William Smale

Personal information
- Full name: William Timothy Edward Smale
- Born: 28 February 2001 (age 25) Newport, Wales
- Batting: Right-handed
- Role: Wicket-keeper
- Relations: Sophia Smale (sister)

Domestic team information
- 2019–2020: North West Warriors
- 2023–present: Glamorgan
- First-class debut: 12 August 2019 NW Warriors v Leinster Lightning
- List A debut: 26 August 2019 NW Warriors v Northern Knights

Career statistics
| Competition | FC | LA | T20 |
| Matches | 3 | 25 | 40 |
| Runs scored | 42 | 574 | 881 |
| Batting average | 14.00 | 24.95 | 22.58 |
| 100s/50s | 0/0 | 1/1 | 0/5 |
| Top score | 41 | 105* | 65 |
| Catches/stumpings | 10/0 | 31/0 | 26/0 |
- Source: Cricinfo, 5 August 2026

= Will Smale =

Welsh cricketer (born 2001)

William Timothy Edward Smale (born 28 February 2001) is a Welsh cricketer. He made his first-class debut for North West Warriors in the 2019 Inter-Provincial Championship on 12 August 2019 in Ireland. Prior to his first-class debut, he played for the Ireland under-19 cricket team in the Division 1 Europe Qualifier of the 2020 Under-19 Cricket World Cup qualification tournament. He was the leading run-scorer for the team in the tournament, with 185 runs in five matches.

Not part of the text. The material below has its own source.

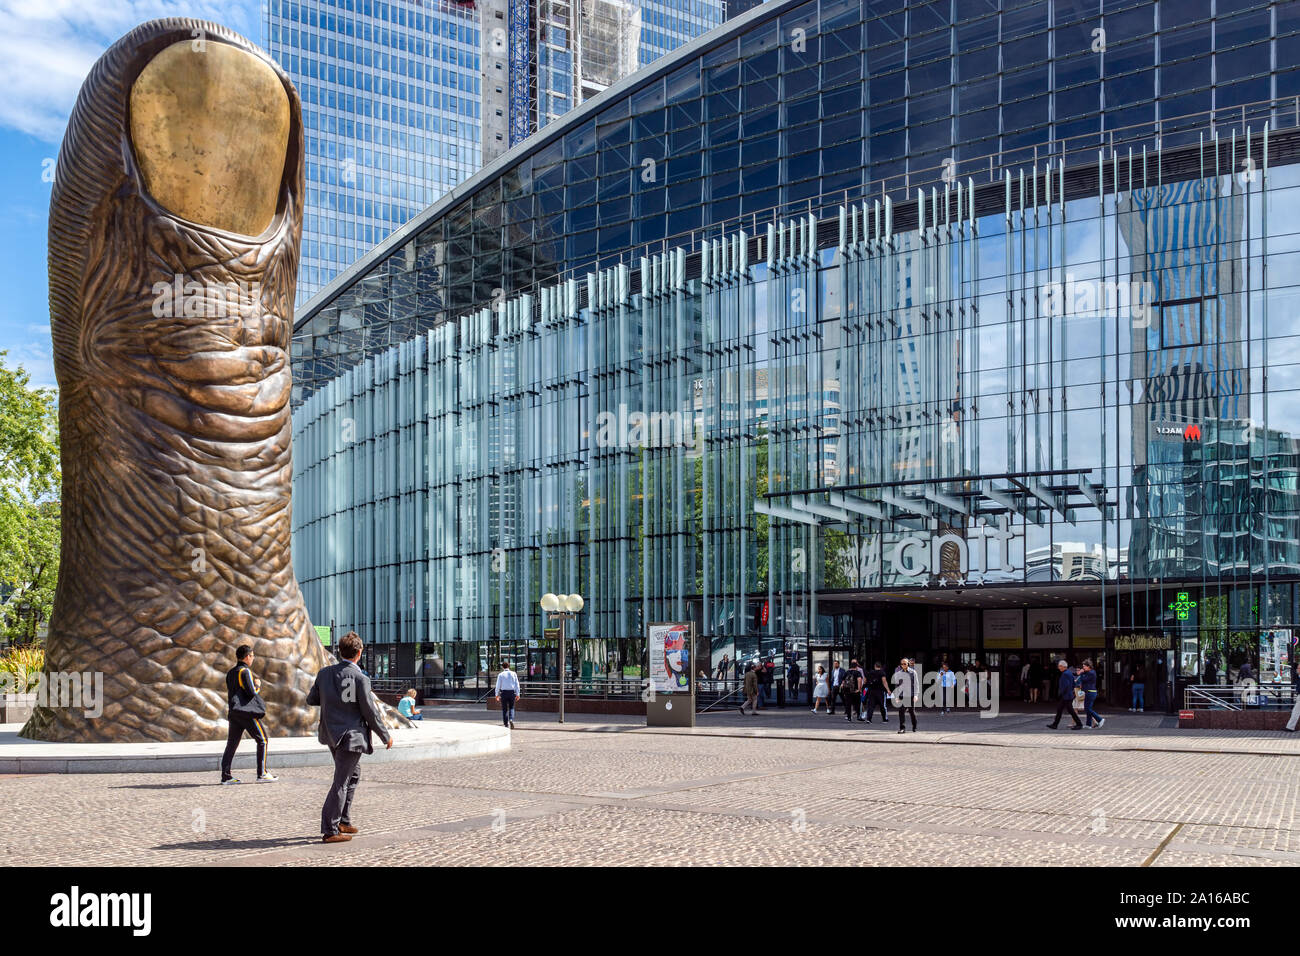 La gigantesque sculpture de doigt à la défense, Paris, France Banque D'Images
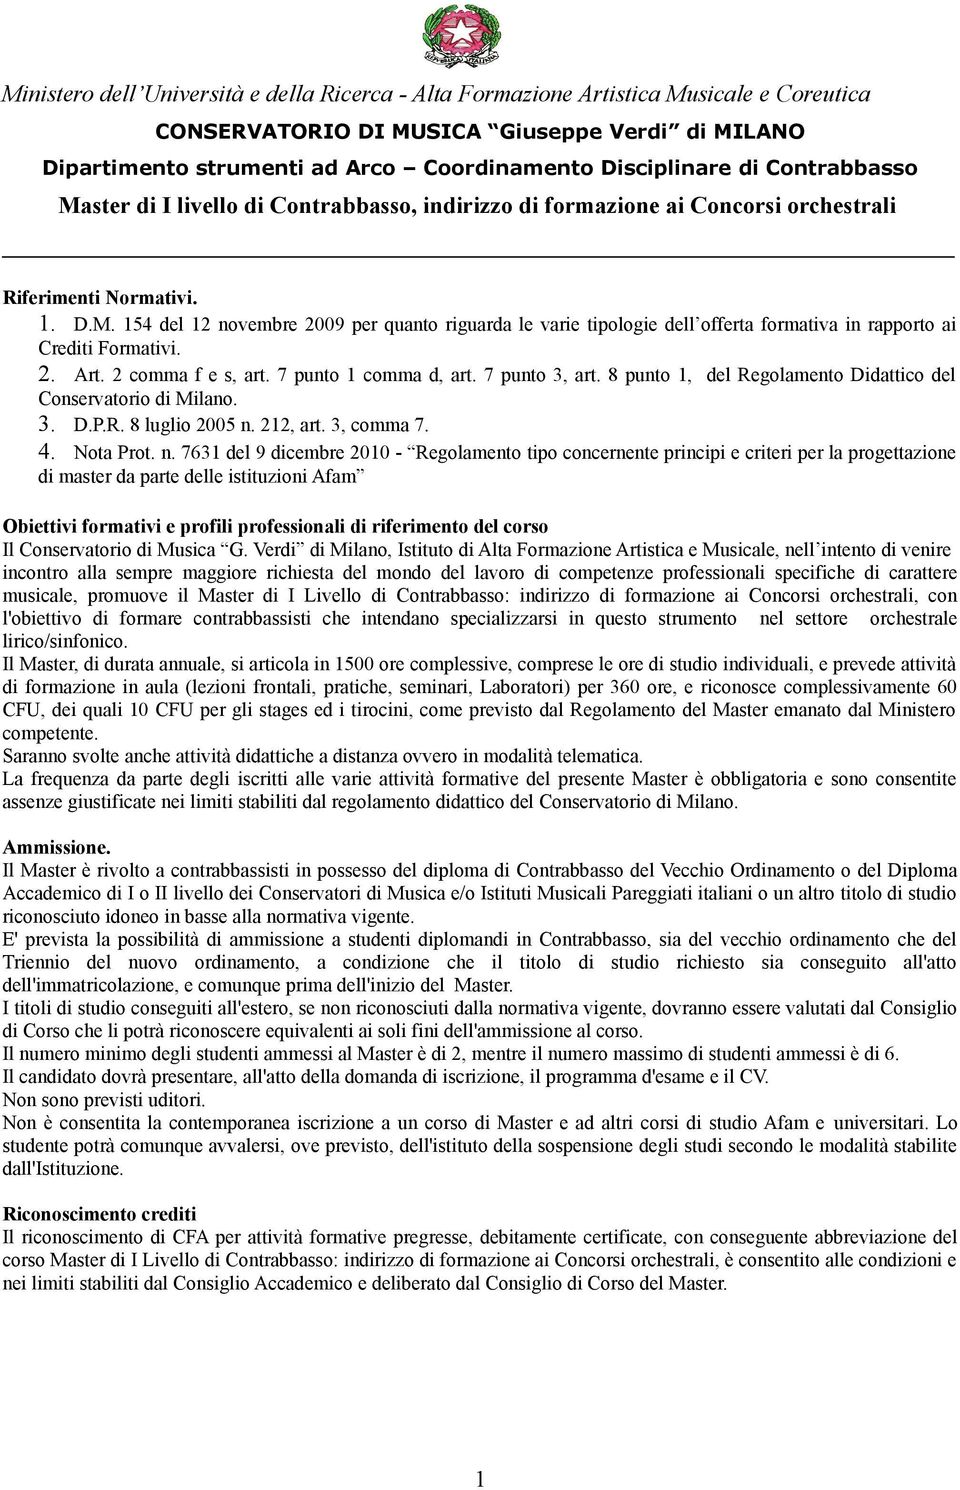 7 punt 1 cmma d, art. 7 punt 3, art. 8 punt 1, del Reglament Didattic del Cnservatri di Milan. 3. D.P.R. 8 lugli 2005 n.

He made his List A debut for North West Warriors in the 2019 Inter-Provincial Cup in Ireland on 26 August 2019. During the winter of 2019, Smale played club cricket for Sydney Cricket Club in Australia. He made his Twenty20 debut for North West Warriors in the 2020 Inter-Provincial Trophy on 20 August 2020.

In October 2023 he signed a professional contract with Glamorgan. On 23 September 2024, Smale scored 28 runs off 14 balls as Glamorgan won the One-Day Cup final against Somerset at Trent Bridge.